"J'ai deux enfants, 1.100 euros de loyer, pas de salaire depuis janvier": mis sous le feu des projecteurs par le projet de loi travail sur le thème des licenciements abusifs, les prud'hommes permettent aussi de trancher les impayés de salaires, congés ou primes.
"Je faisais tout, le carrelage, l'électricité, la plomberie. Polyvalent et plus. J'ai pas été payé entre mars et juillet 2015. Le patron me donnait de petits acomptes", explique S. Il réclame 6.300 euros d'impayés. La société n'est pas venue, comme souvent, ce qui n'empêche pas l'audience.
Au 27 rue Louis Blanc, dans le 10e arrondissement à Paris, l'une des 210 juridictions prud'homales françaises, les litiges en référé défilent par dizaines tous les jours.
Les affaires "se ressemblent beaucoup. On finit par avoir des réflexes", explique Max Nordmann, président d'audience (côté salariés, FO) depuis 2002. Ses trois livres de référence? Le code de procédure civile, le code civil et le code du travail.
Médaille dorée autour du cou, épaulé par un conseiller (côté patronat) et une greffière, assis à une table massive, il préside ce jour des litiges en référé, portant pour la plupart sur les salaires, primes ou indemnités de licenciement impayés.
Dans la salle, se côtoient salariés, petits patrons, avocats (côté salariés et employeurs), société de construction, salle de cinéma, agence immobilière, mais aussi grosse entreprise d'assurance, grande marque de luxe, boutique de joaillerie réputée.
- 'Entachée émotionnellement' -
"Je ne peux pas continuer comme ça!", lance P. Licencié économique depuis le début du mois, lui n'a pas perçu les salaires de janvier et février. L'audience est reportée de plusieurs semaines. "C'est bon pour vous, le 9 mai?", lui demande la greffière. "Pas possible plus tôt? Vous savez, je suis au chômage, moi, je viens quand vous voulez!", lui répond P., agacé.
T. réclame 19.000 euros, soit cinq mois de salaires impayés: "je suis à découvert, j'ai rien pour vivre, je fais comment?". Son ancienne société, victime d'un braquage à l'automne 2015, "ne conteste pas la somme réclamée mais demande d'attendre encore", répond l'avocate (côté employeur).
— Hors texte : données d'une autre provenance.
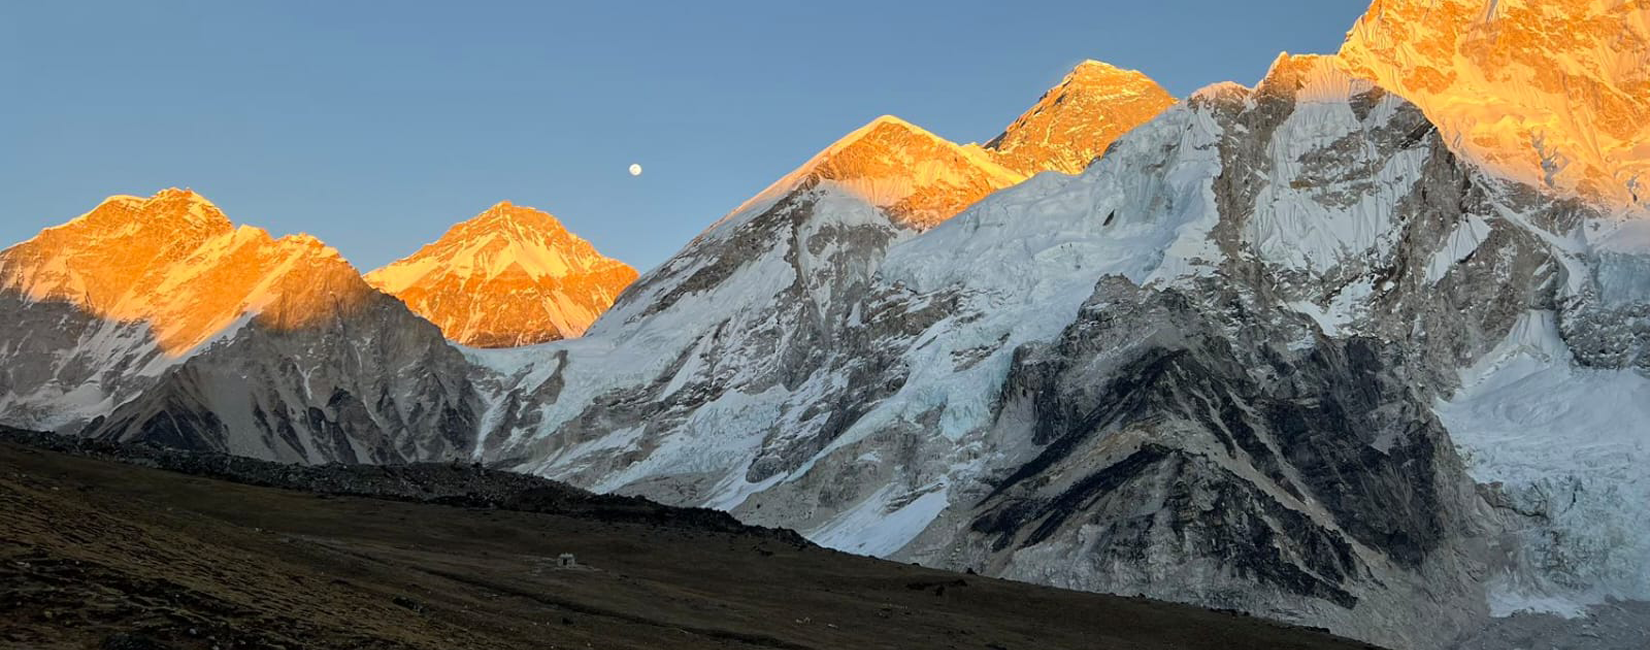 Everest Base camp Trek Via Renjola

Finalement, les deux parties aboutissent en cours d'audience à un compromis: un paiement échelonné sur cinq mois.
En référé, où les affaires sont tranchées dans un délai de deux à six mois, "entre 60 et 70% des décisions sont positives aux salariés", dit M. Nordmann.
Des salariés ont les moyens de s'offrir un avocat, payé en moyenne 1.500 euros pour ouvrir l'affaire et en pourcentage (10% minimum) de la somme obtenue. Une aide juridictionnelle est ouverte aux personnes percevant un salaire mensuel inférieur à 1.000 euros. Il est également possible de se faire assister gratuitement par un syndicat.
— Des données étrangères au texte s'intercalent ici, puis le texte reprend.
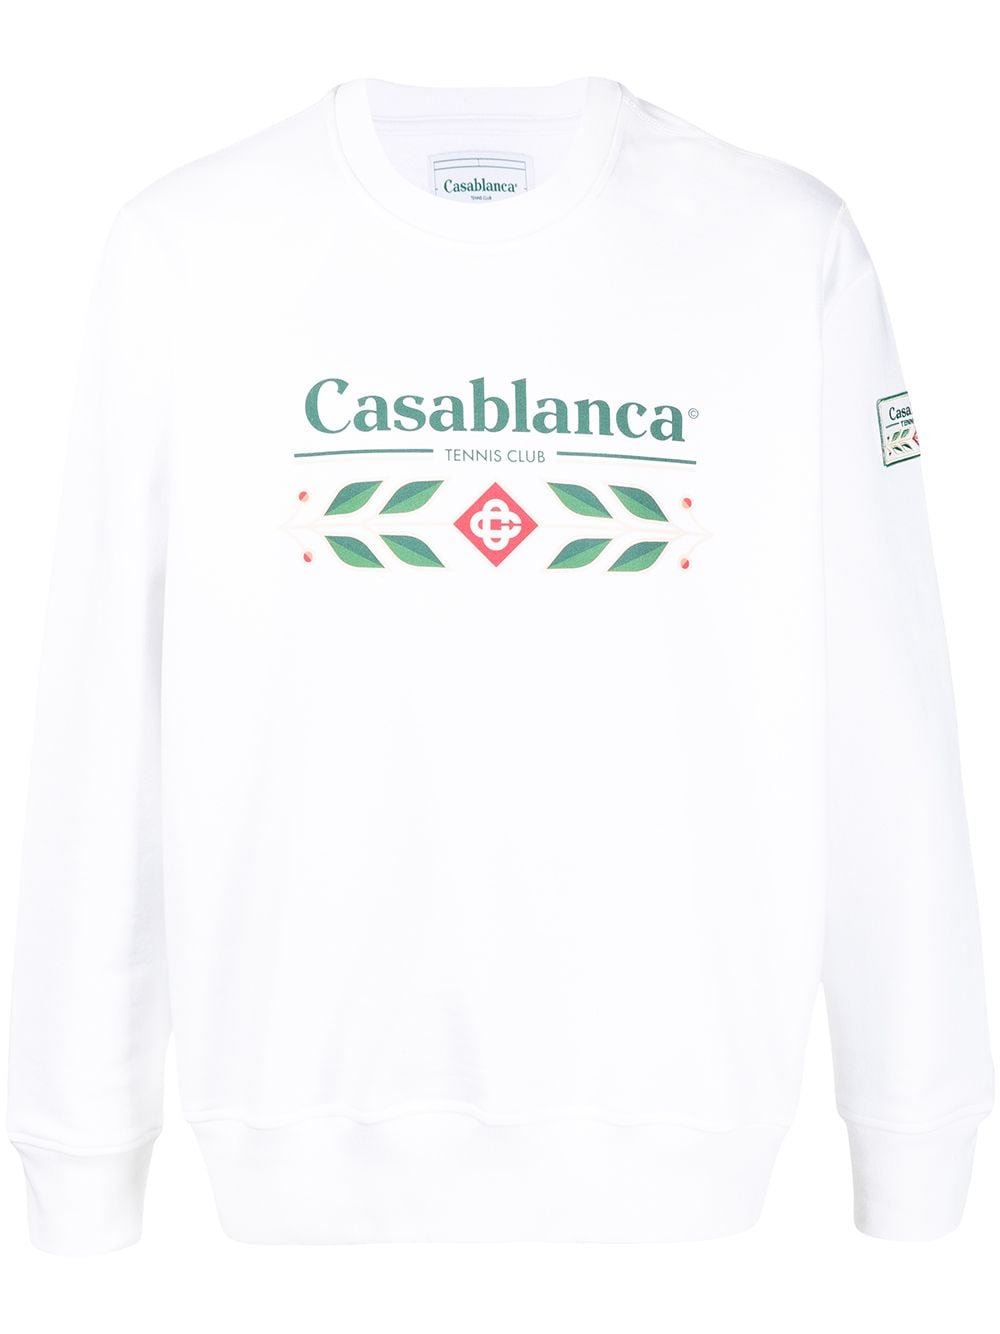 фото Casablanca толстовка tennis club с логотипом

"C'est très compliqué pour ceux qui viennent seuls. Ils ne connaissent pas la loi", souligne M. Nordmann.
H. C., ex-salariée d'un cabinet de recrutement, affronte seule l'avocat de son ancienne entreprise, qui refuse de lui verser les indemnités pour clause de non-concurrence, plus de 6.000 euros. Voix chevrotante, mains tremblantes, elle expose les motifs. Le président lui conseille d'attaquer au fond. "Je ne peux pas, je n'ai pas les moyens. En plus, voyez comme je suis...je suis entachée émotionnellement par cette histoire", murmure-t-elle.
- Manque d'effectif -
Aller "au fond", c'est en prendre pour des années de procédure, en raison du manque de locaux, de greffiers, de juges départiteurs. En référé, le délai d'un renvoi à Paris tourne autour de cinq semaines. Au fond, il grimpe à huit mois.
"Avec les renvois, on arrive facilement à trois ans", relève David Van der Vlist, trésorier du collectif Syndicat des avocats de France. Les décisions prud'homales faisant l'objet d'un appel dans 62% des cas, on arrive facilement à 5 ans, soulignent les avocats. À nouveau, l'État vient d'être poursuivi par 300 salariés pour délais "déraisonnables".
Sur la dizaine d'affaires entendues ce jour-là en référé, sept ont eu une issue favorable pour les salariés, une a été renvoyée au fond et deux transférées au juge départiteur.